What to work on: Lines in the material below that include "Figure" need to be tallied; give the total alone.

Supplied records:
BEGIN

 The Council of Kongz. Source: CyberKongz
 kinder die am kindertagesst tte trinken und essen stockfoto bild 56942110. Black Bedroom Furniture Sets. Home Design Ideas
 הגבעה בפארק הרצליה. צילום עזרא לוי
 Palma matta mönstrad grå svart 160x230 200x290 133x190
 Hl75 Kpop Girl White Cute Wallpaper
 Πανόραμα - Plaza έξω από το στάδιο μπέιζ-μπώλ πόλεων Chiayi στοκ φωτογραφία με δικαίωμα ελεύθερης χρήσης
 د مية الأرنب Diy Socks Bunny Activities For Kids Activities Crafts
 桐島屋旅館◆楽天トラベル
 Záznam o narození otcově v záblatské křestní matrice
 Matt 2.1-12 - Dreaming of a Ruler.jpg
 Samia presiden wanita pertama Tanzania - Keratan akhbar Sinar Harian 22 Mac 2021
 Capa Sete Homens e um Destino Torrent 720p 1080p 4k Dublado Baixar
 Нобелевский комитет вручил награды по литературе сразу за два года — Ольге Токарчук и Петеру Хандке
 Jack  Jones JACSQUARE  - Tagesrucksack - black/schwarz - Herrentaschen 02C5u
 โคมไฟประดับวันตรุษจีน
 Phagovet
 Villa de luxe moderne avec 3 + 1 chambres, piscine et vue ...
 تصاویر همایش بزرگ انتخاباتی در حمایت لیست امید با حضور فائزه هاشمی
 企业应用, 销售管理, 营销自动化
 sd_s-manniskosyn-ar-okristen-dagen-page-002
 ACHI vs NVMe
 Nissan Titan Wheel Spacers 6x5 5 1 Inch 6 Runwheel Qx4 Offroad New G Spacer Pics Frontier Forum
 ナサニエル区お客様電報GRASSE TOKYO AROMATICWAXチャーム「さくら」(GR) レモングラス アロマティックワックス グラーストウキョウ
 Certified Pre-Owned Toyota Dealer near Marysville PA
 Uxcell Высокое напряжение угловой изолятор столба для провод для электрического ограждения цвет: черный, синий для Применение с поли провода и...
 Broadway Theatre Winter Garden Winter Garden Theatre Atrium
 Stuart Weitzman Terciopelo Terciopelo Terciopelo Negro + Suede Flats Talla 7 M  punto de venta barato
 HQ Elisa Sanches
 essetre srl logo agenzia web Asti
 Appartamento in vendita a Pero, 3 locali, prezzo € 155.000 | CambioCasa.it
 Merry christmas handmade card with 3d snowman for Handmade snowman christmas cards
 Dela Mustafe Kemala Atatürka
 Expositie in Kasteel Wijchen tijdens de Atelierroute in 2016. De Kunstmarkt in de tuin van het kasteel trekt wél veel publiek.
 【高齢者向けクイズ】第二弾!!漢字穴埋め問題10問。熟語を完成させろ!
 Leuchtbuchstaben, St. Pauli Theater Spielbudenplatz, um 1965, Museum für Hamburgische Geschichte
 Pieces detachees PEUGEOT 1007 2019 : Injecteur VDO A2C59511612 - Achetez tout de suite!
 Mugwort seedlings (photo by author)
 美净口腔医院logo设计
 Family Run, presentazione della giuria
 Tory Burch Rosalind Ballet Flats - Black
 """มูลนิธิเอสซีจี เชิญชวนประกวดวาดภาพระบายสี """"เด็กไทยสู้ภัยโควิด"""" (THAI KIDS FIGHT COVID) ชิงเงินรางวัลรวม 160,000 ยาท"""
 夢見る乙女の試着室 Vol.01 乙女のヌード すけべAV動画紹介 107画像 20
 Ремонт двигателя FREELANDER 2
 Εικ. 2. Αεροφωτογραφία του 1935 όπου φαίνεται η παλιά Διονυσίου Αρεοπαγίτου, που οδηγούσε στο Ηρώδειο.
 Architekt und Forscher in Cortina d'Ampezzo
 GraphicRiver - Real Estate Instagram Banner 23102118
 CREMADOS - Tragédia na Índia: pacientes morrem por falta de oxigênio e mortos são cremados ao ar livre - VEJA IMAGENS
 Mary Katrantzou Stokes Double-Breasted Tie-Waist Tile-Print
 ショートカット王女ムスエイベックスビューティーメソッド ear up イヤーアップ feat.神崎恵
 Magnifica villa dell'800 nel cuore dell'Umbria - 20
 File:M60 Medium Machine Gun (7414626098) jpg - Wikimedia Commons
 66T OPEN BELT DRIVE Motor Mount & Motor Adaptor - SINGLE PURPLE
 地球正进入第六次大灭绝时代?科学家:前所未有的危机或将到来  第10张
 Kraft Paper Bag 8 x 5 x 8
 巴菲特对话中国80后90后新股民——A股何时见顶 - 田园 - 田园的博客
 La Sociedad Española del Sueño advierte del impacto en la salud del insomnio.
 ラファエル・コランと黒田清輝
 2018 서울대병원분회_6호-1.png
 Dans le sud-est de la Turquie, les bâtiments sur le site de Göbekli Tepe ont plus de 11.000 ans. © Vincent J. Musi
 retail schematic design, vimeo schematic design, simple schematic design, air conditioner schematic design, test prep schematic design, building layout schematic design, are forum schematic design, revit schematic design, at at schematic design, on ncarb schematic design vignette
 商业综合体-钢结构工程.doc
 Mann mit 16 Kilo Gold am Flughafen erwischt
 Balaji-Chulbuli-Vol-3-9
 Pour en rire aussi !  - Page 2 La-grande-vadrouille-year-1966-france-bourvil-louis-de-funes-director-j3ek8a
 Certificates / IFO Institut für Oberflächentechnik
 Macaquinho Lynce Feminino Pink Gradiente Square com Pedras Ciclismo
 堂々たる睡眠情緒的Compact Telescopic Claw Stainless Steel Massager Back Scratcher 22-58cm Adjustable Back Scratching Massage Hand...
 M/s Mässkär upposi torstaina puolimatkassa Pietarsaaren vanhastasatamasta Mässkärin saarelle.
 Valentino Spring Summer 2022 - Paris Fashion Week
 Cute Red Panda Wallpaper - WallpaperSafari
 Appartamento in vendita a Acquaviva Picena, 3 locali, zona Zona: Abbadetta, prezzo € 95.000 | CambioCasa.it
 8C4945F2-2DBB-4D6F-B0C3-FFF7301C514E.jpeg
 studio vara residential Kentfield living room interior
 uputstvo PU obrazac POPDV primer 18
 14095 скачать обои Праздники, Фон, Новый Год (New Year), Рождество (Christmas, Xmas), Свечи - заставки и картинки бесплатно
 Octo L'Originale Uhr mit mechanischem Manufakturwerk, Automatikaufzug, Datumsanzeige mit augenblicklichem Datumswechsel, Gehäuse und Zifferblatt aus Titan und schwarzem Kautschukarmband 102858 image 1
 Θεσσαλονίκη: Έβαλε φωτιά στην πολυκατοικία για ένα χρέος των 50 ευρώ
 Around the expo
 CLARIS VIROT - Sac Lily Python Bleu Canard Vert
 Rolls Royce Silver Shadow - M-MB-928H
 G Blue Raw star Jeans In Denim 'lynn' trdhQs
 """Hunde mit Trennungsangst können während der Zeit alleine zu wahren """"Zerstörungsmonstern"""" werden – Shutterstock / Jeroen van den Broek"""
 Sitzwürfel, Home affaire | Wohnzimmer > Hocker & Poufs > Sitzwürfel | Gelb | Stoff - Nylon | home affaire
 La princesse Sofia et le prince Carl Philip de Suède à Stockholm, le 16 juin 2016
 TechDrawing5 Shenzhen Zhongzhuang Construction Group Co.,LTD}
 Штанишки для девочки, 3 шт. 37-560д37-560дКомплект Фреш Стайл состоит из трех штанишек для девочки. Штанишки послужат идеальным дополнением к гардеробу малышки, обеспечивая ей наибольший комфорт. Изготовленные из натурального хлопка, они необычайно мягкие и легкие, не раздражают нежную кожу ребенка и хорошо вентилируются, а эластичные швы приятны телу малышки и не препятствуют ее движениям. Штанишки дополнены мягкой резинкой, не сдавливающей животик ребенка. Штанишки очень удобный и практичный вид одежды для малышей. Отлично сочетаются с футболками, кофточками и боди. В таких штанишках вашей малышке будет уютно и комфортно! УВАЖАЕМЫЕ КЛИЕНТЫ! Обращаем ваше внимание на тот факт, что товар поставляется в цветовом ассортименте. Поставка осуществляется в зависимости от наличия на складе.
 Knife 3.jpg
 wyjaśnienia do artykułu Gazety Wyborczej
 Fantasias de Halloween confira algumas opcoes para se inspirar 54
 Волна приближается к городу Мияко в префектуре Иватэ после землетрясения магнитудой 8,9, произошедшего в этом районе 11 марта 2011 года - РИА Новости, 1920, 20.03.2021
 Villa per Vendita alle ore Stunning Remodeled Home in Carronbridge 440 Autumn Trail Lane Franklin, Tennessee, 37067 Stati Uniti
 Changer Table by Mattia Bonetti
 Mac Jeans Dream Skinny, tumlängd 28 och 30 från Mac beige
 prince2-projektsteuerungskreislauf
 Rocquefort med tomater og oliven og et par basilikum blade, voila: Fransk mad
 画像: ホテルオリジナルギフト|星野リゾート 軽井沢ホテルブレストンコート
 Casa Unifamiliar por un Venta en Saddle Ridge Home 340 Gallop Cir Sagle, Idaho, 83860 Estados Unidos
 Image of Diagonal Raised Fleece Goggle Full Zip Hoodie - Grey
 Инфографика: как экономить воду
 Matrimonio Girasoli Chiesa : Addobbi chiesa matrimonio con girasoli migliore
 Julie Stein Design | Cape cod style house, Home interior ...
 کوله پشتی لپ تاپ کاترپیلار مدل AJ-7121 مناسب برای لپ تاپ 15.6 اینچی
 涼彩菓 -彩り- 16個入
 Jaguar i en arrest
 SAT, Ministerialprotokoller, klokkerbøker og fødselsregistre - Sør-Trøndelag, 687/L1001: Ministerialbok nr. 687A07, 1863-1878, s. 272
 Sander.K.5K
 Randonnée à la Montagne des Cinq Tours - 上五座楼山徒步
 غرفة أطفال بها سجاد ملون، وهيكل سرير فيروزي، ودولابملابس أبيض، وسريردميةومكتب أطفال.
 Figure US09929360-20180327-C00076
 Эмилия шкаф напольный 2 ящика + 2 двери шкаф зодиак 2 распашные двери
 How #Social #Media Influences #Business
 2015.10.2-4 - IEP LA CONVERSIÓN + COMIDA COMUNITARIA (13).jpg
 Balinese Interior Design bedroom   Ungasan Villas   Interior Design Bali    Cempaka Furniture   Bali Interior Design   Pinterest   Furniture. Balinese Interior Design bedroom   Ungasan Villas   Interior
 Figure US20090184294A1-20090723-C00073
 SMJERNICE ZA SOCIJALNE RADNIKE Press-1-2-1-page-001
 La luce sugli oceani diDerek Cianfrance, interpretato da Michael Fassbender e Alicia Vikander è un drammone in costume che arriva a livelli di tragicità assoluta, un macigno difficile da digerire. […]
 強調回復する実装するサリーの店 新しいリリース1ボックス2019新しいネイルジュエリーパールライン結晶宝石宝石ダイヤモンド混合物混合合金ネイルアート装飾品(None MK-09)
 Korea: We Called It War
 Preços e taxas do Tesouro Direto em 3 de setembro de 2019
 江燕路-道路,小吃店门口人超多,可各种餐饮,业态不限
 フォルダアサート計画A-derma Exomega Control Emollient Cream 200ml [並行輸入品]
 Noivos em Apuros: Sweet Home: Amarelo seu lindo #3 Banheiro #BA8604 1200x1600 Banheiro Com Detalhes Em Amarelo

END

Result: 2